▶ [TASK MATERIAL]
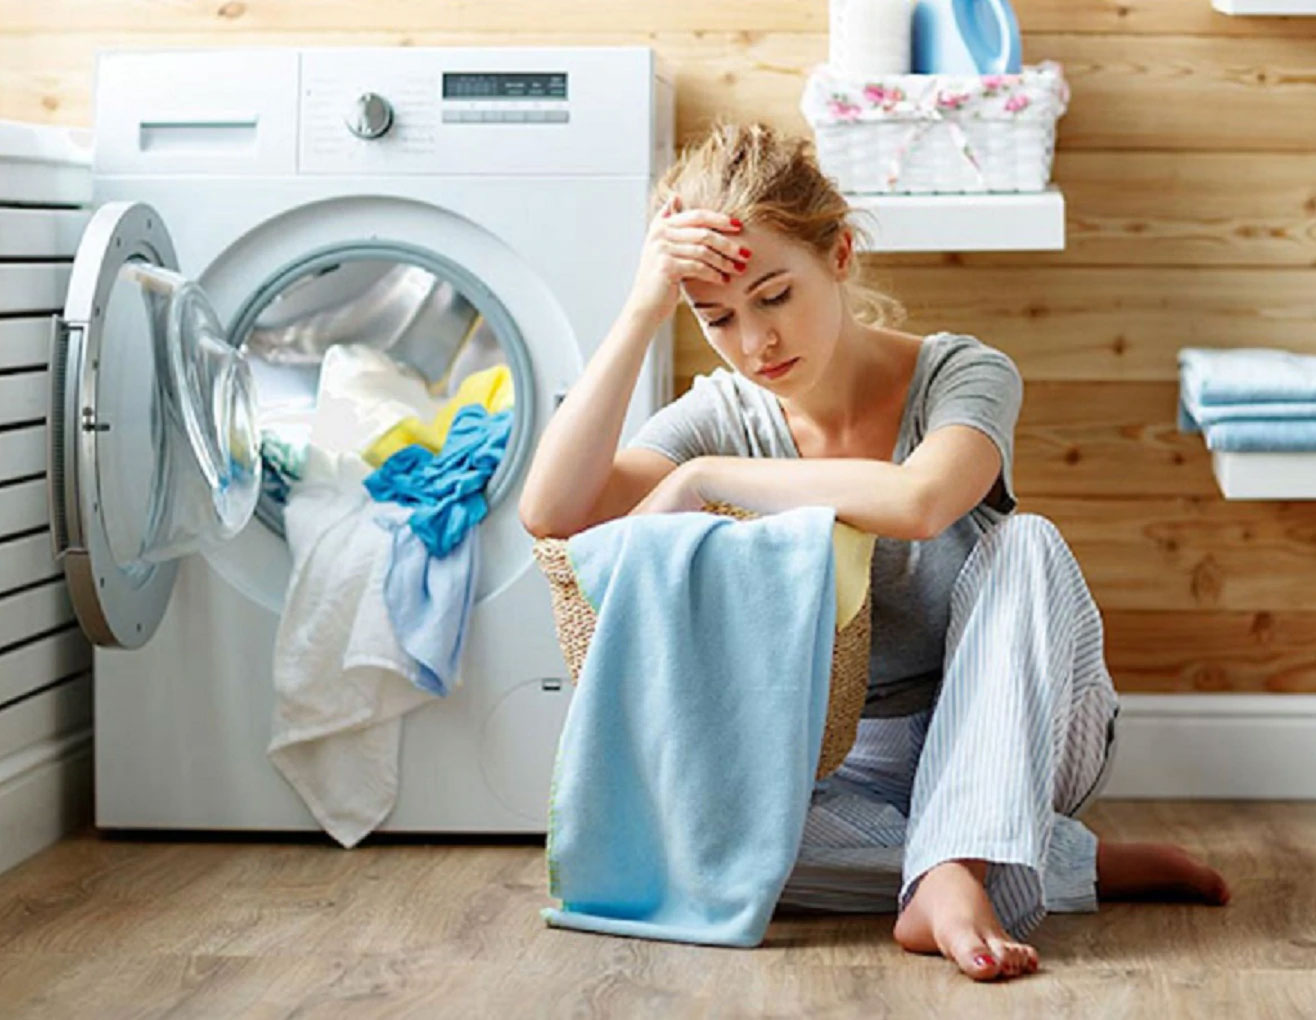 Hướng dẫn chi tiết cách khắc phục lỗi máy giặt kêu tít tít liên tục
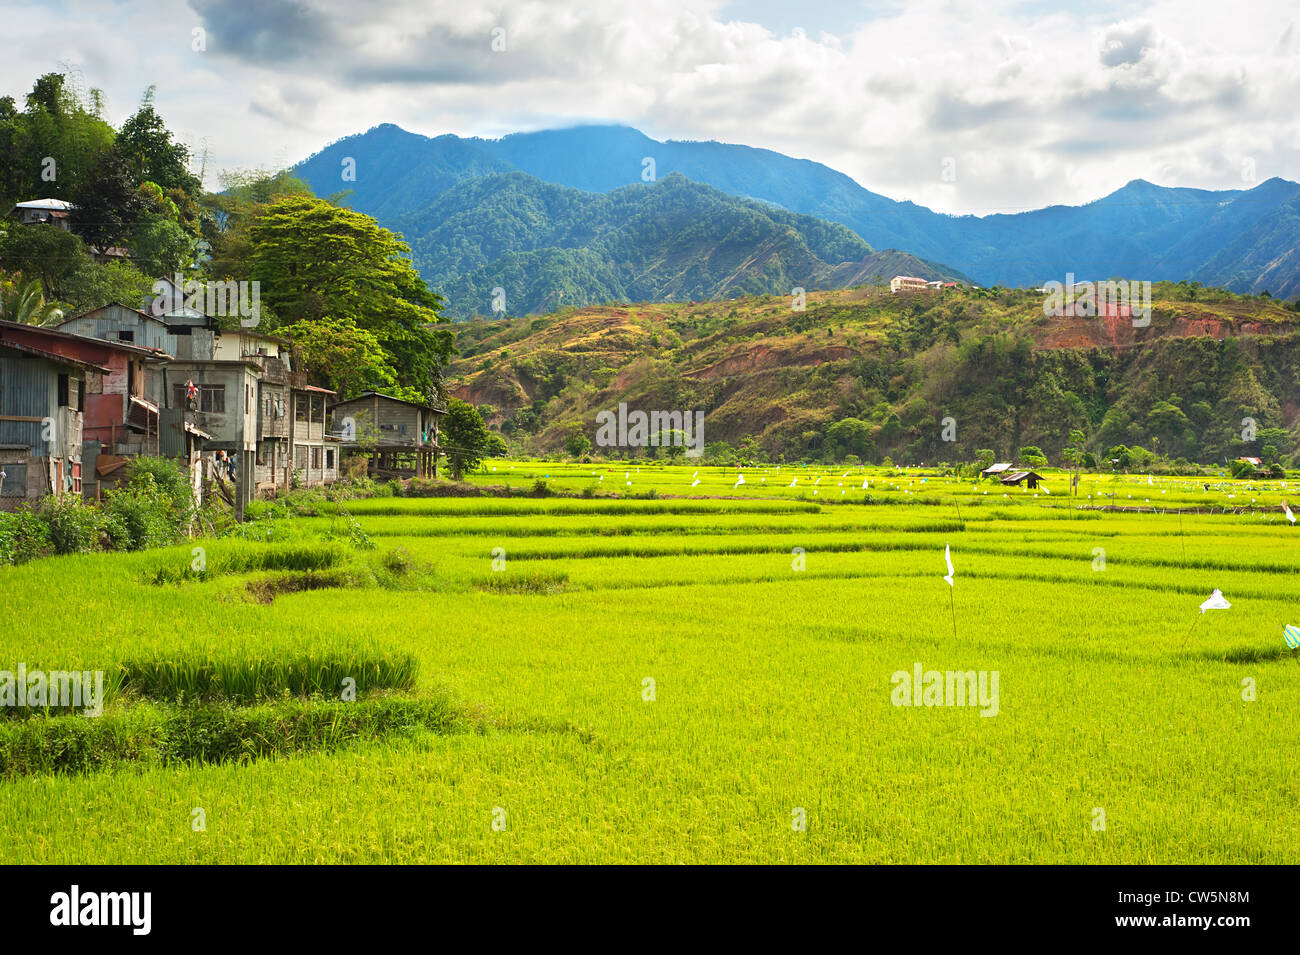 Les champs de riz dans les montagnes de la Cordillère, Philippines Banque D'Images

==

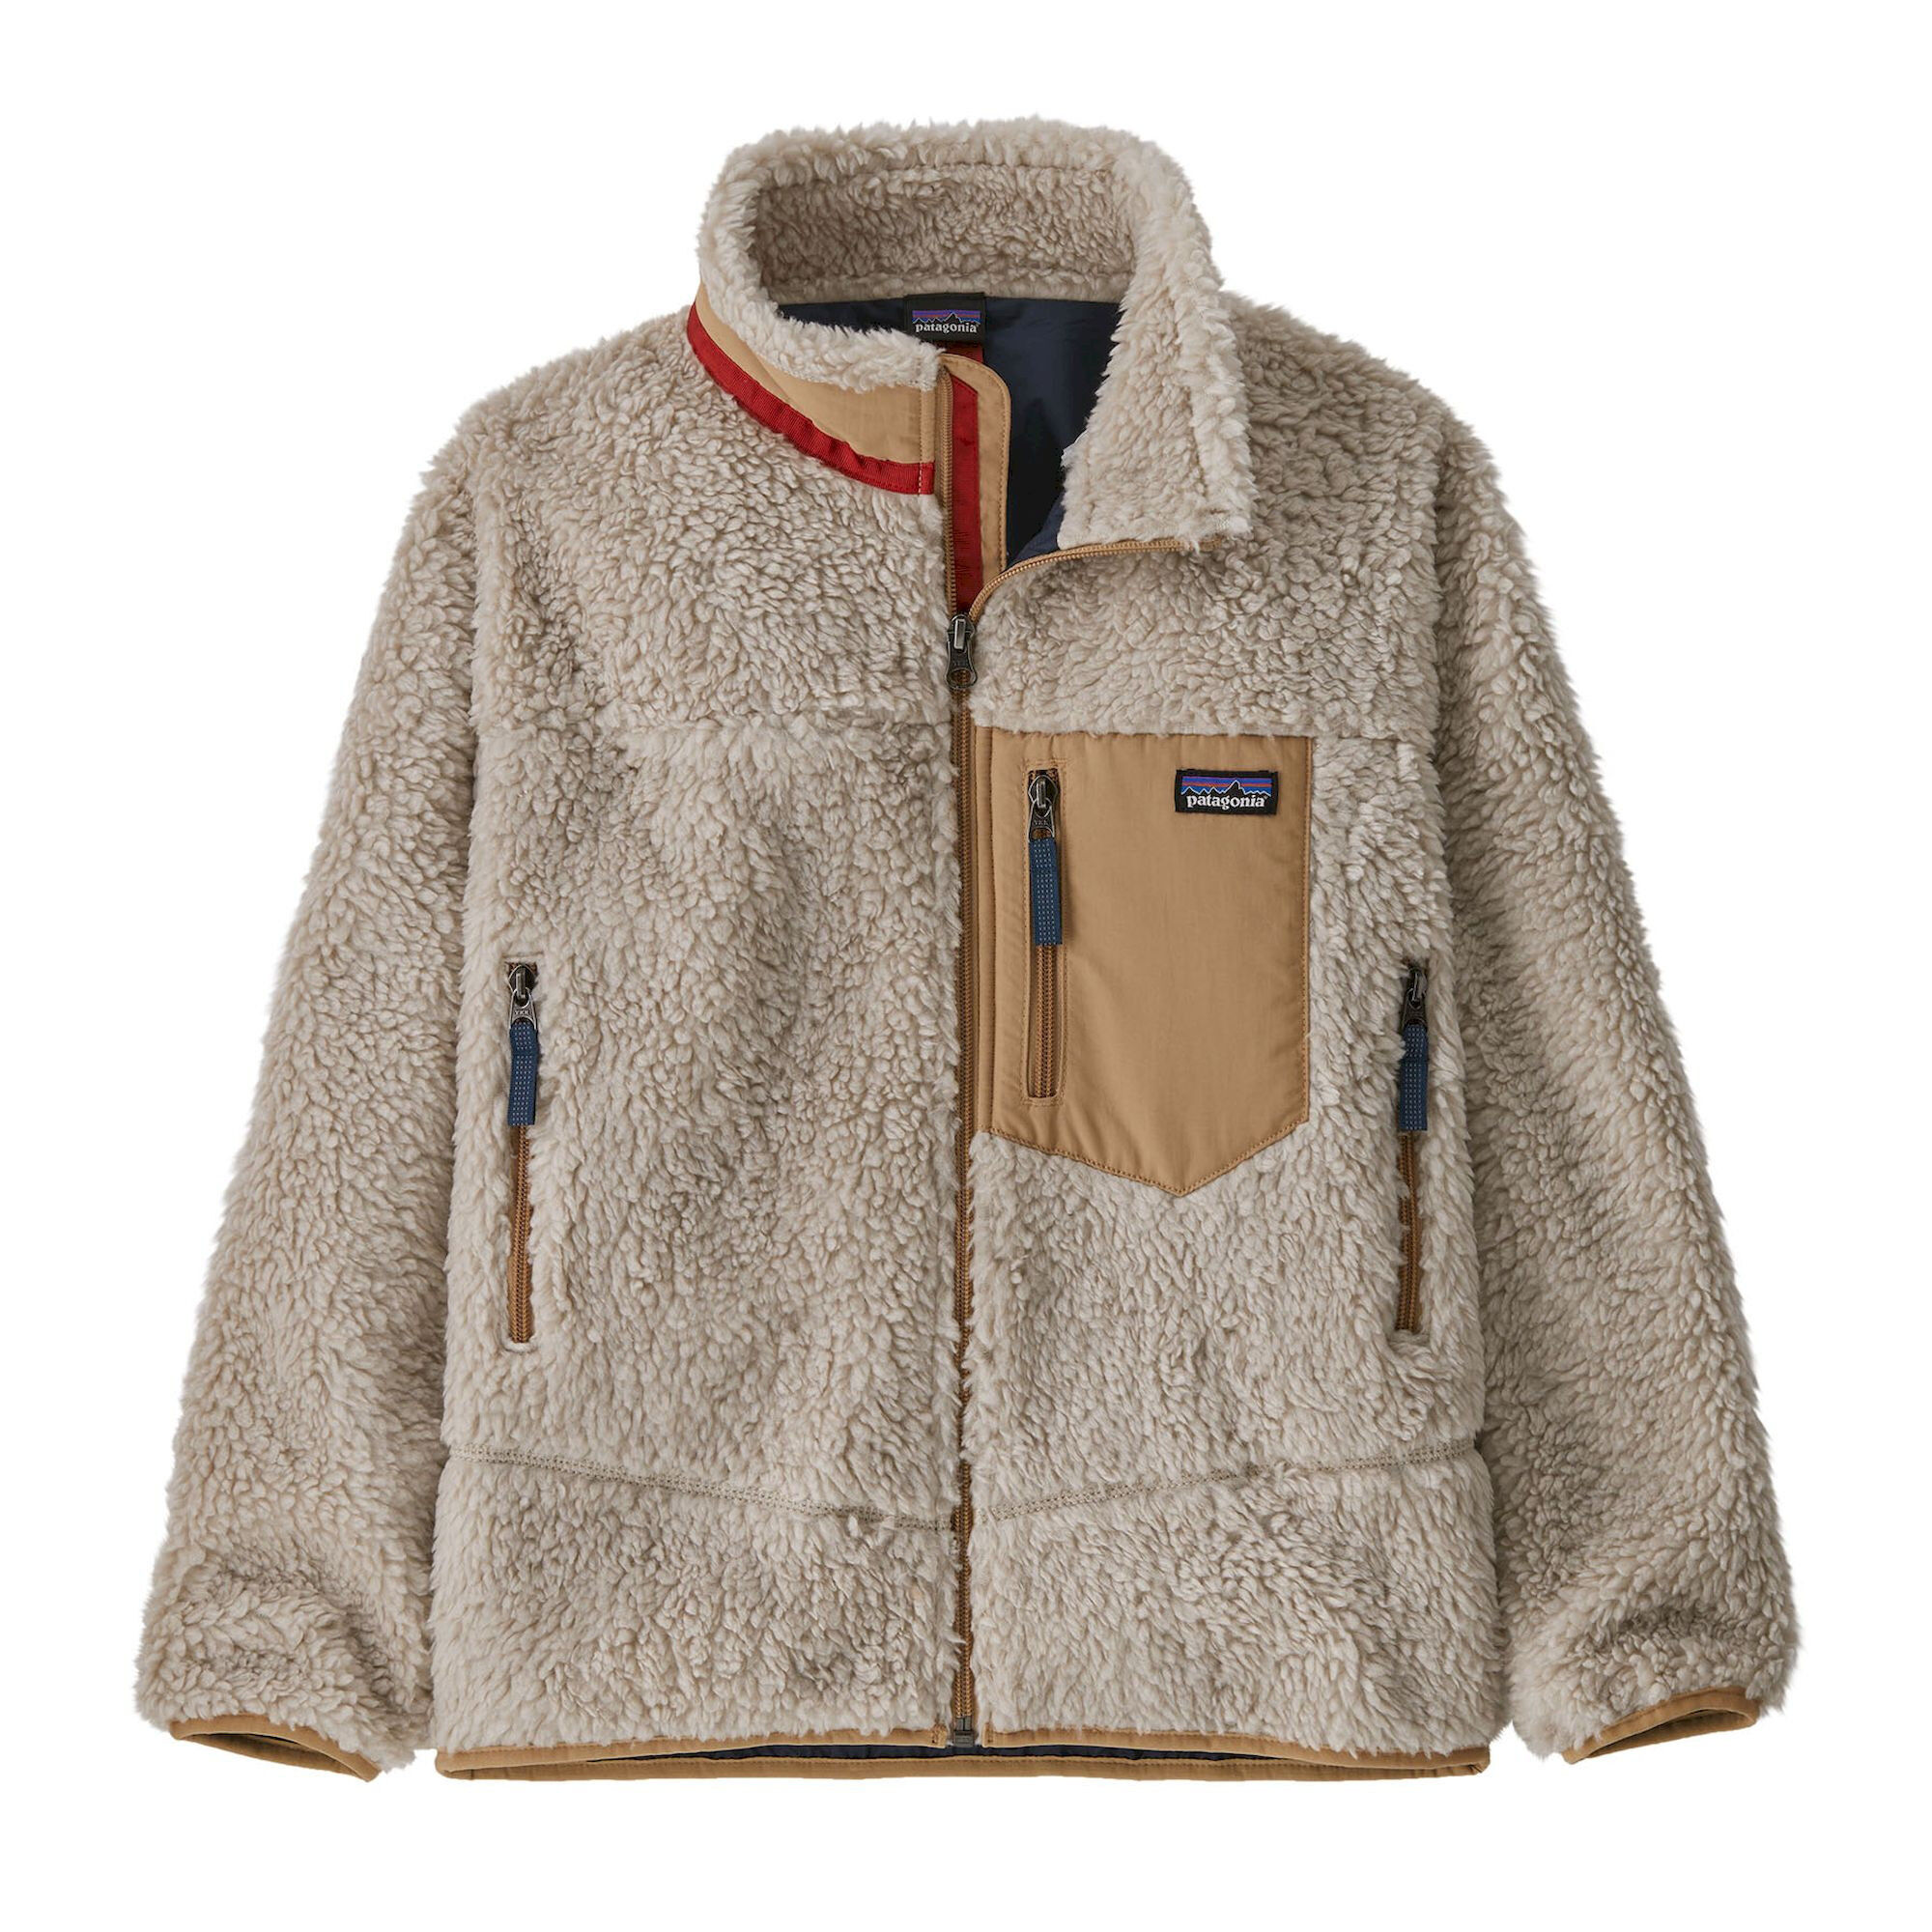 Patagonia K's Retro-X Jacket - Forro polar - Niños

* * *

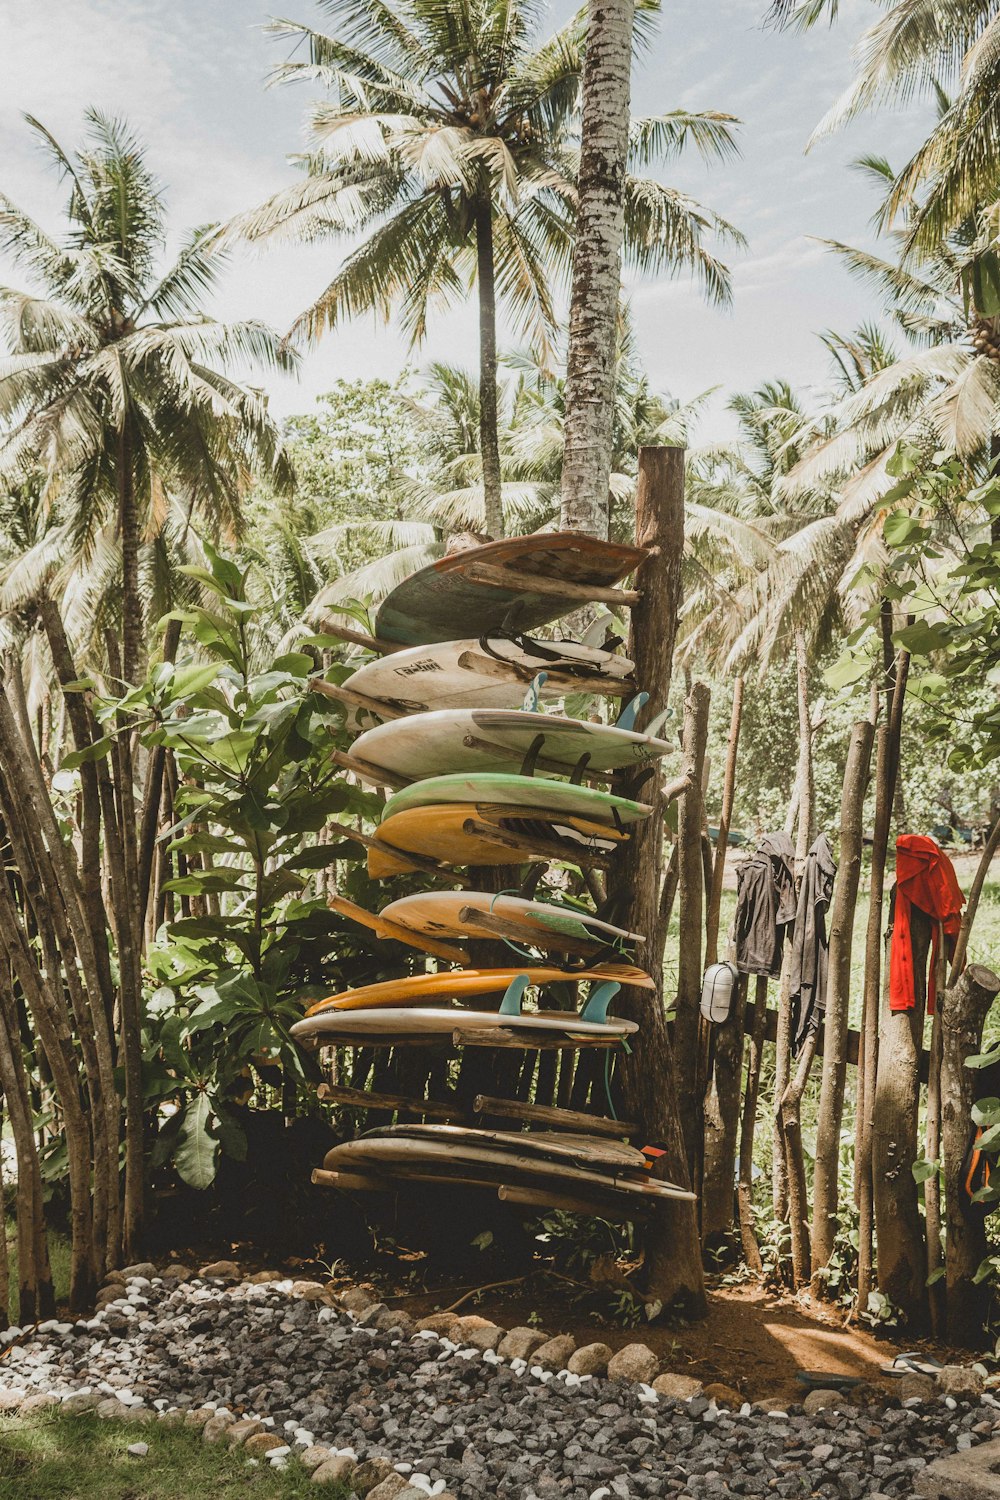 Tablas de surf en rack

▶ [REQUIRED ACTION]
Write out exactly the lines above between the one with "Hướng dẫn chi" and the one with "Les champs de", inclusive, with pictures left out.

▶ [ANSWER FOR THIS EXERCISE]
 Hướng dẫn chi tiết cách khắc phục lỗi máy giặt kêu tít tít liên tục
 Les champs de riz dans les montagnes de la Cordillère, Philippines Banque D'Images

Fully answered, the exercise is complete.